According to latest reports by McAfee, cyber crime and financial fraud are currently costing the global economy $600 billion. This equates to 0.8 percent of global GDP and necessitates the need for stronger than ever safety mechanisms.
Established financial behemoths are leading from the front here, by integrating advanced cyber-security solutions, to protect their data and user privacy. Smaller players are following suit in an industry that is worth more than $153 billion globally.
As the financial services landscape changes, technology is providing the tools and platforms for rapid transformation. This evolution is being strengthened by Big Data, which has become deeper and broader than ever before. Banks and financial institutions now have access to more information about customers and their spending habits. While this has led to the deployment of chat bots for answering customer queries, banks are now more interested in applying innovative technologies such as, AI and machine learning to mitigate financial risks.

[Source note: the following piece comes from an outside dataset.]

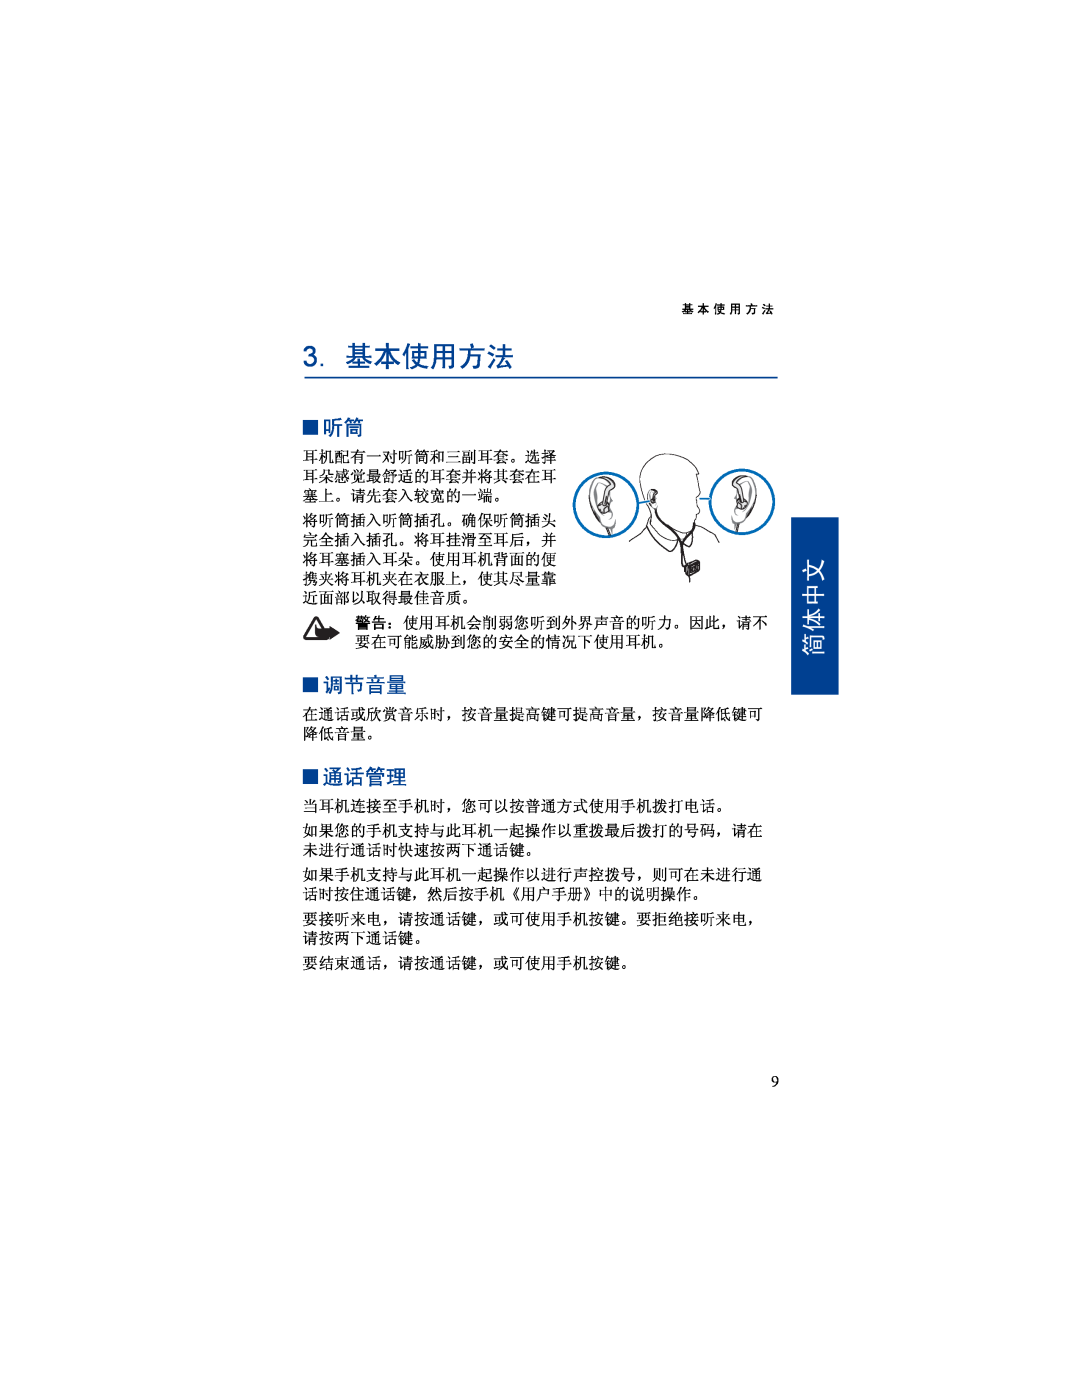 Nokia BH-500 manual 3.基本使用方法, 调节音量, 通话管理, 简体中文

PwC’s 2018 Global Economic Crime and Fraud Survey states that 49 percent of global organisations have experienced financial crime in the past two years. As global transactions over digital channels have increased, so has the possibility of electronic fraud.

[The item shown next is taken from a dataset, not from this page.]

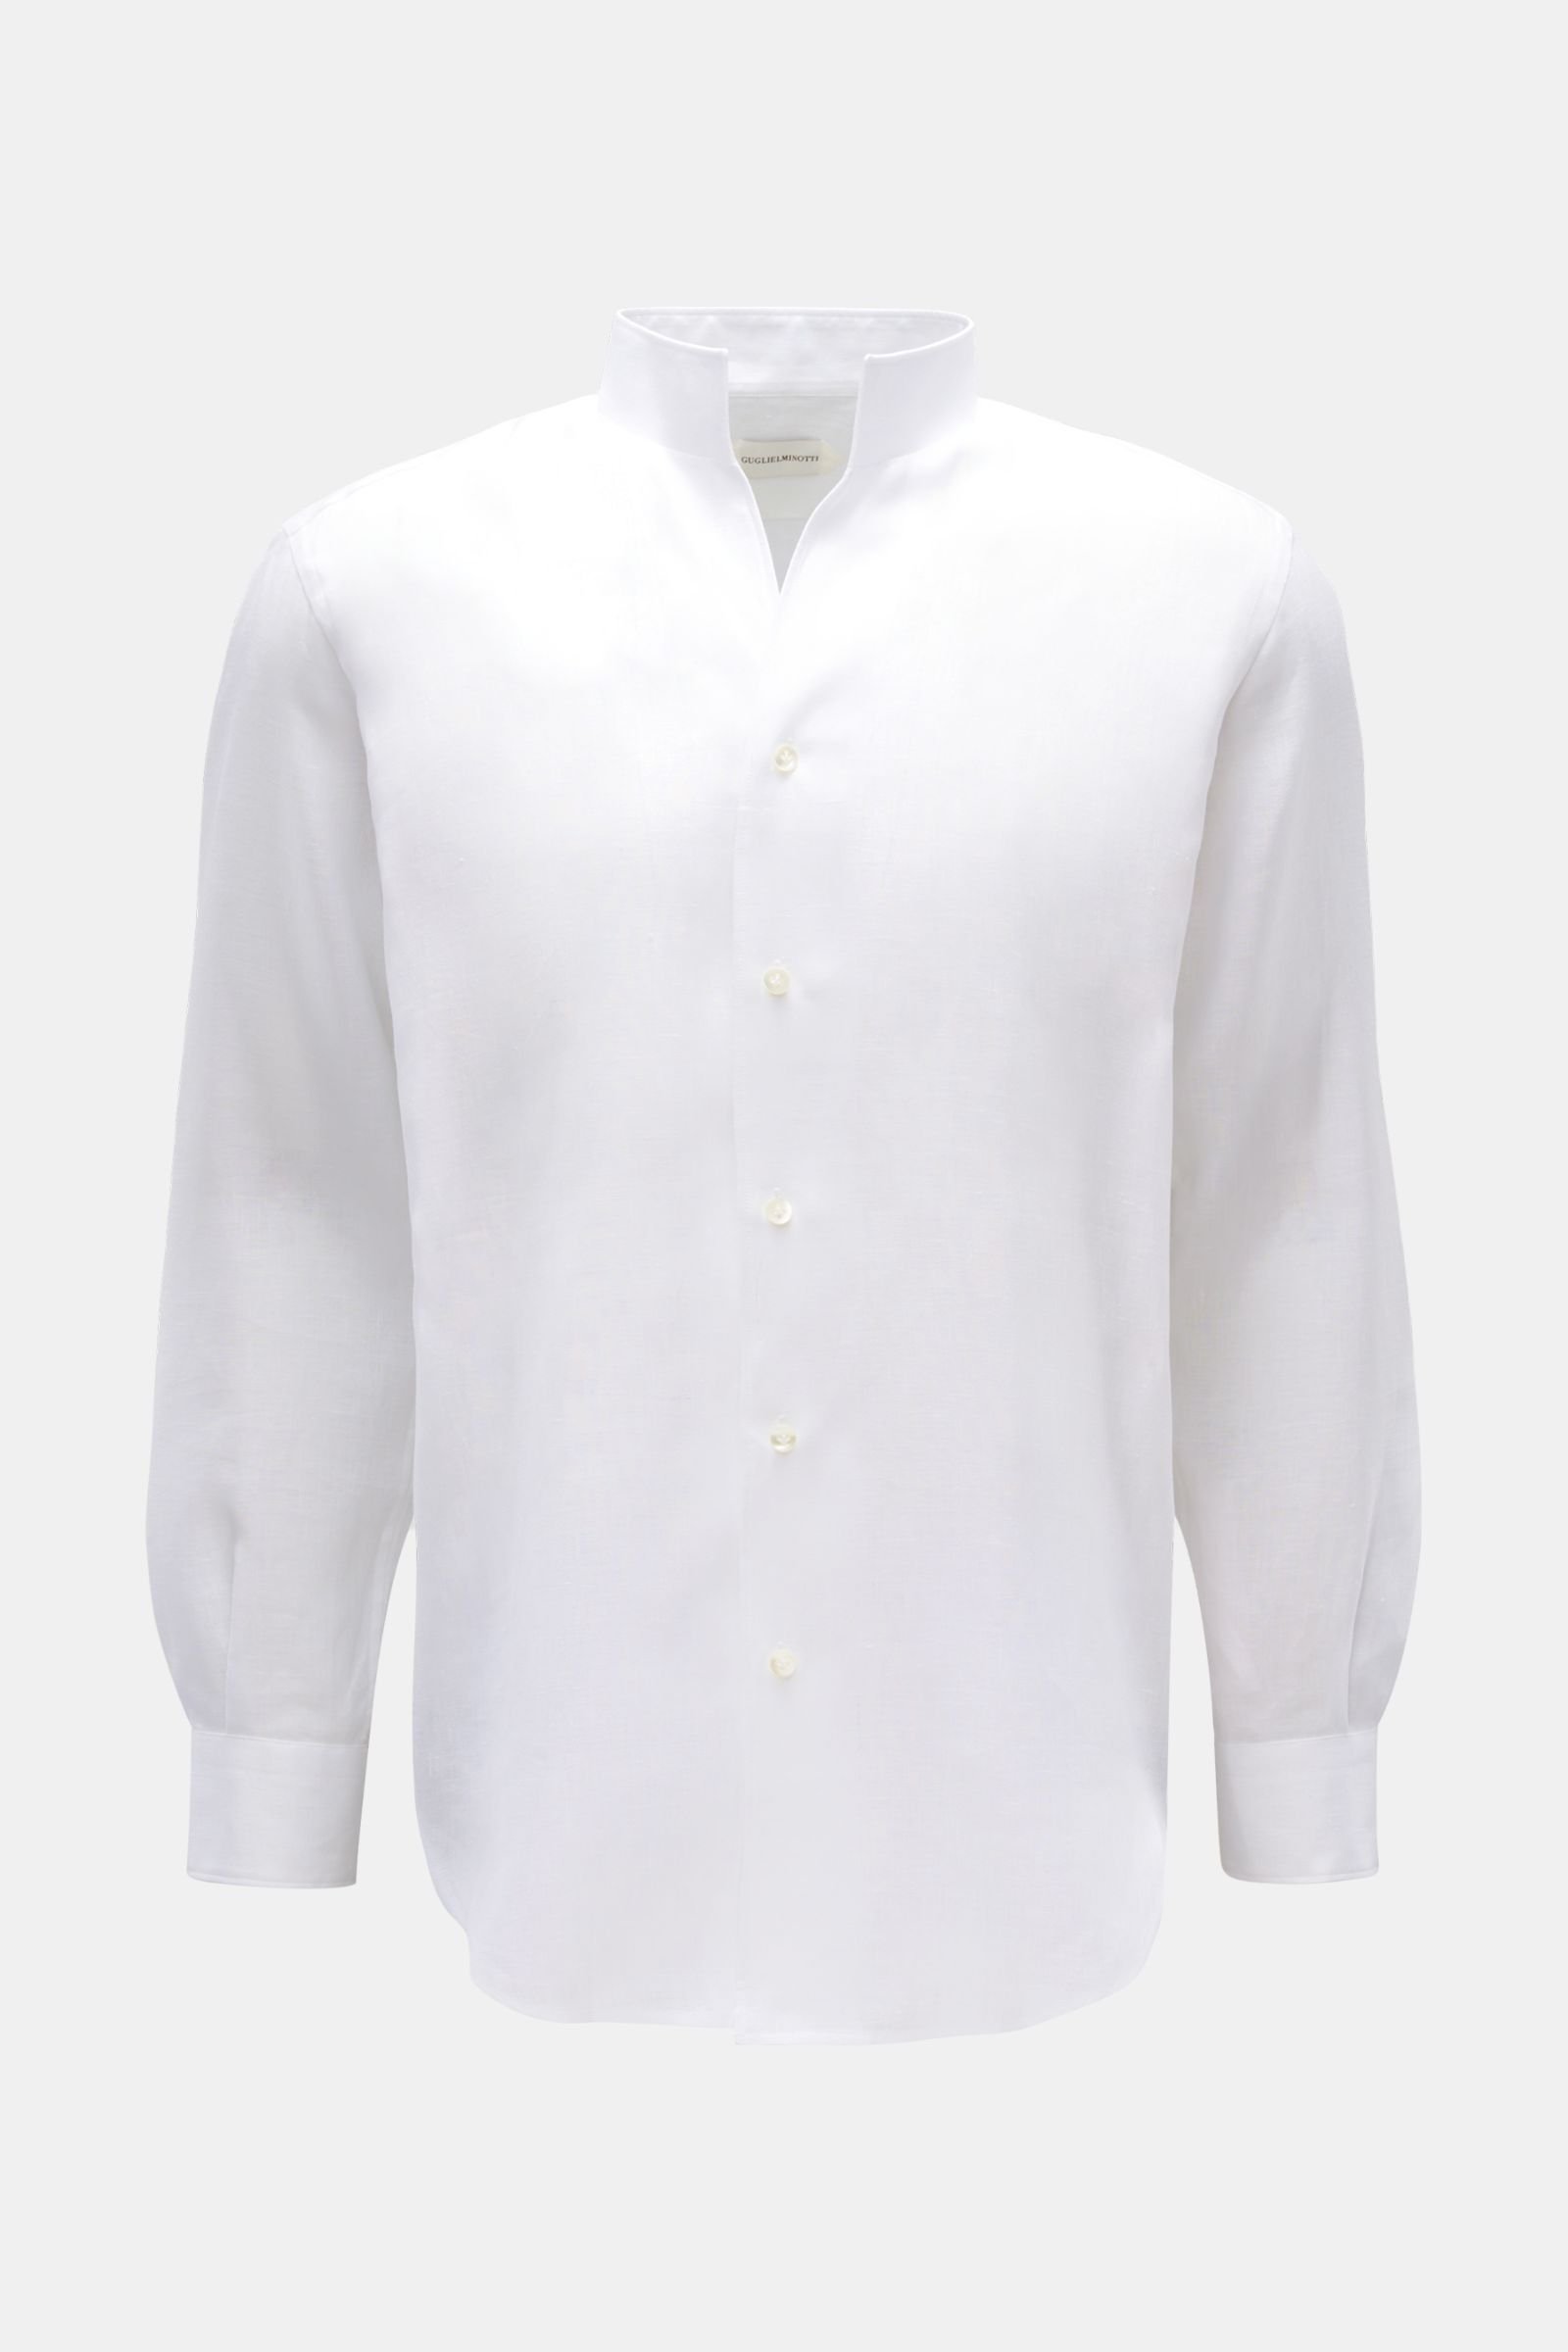 Linen shirt standing collar white

Additionally, cyber criminals now also have the newfound ability to leverage cryptocurrency exchanges to transfer and withdraw stolen money from their fraudulent activities. Such unregulated channels make it imperative for banks and financial institutions to deploy advanced techniques to fight cyber crime.
The role of AI in improving the detection of financial fraud
When it comes to financial risk mitigation, fraud detection in real-time goes a long way towards improving customer experiences and boosting company reputation. This is why banks and financial institutions are turning to modern solutions and advanced data models offered by AI and machine learning. By dynamically conducting fund flow analytics in real-time, such solutions can effectively pinpoint fraudulent transactions. Moreover, they can also reduce the possibility of false positives (situations where real transactions are treated as frauds, transactions are declined, and accounts are suspended) and false negatives (situations where real threats are missed).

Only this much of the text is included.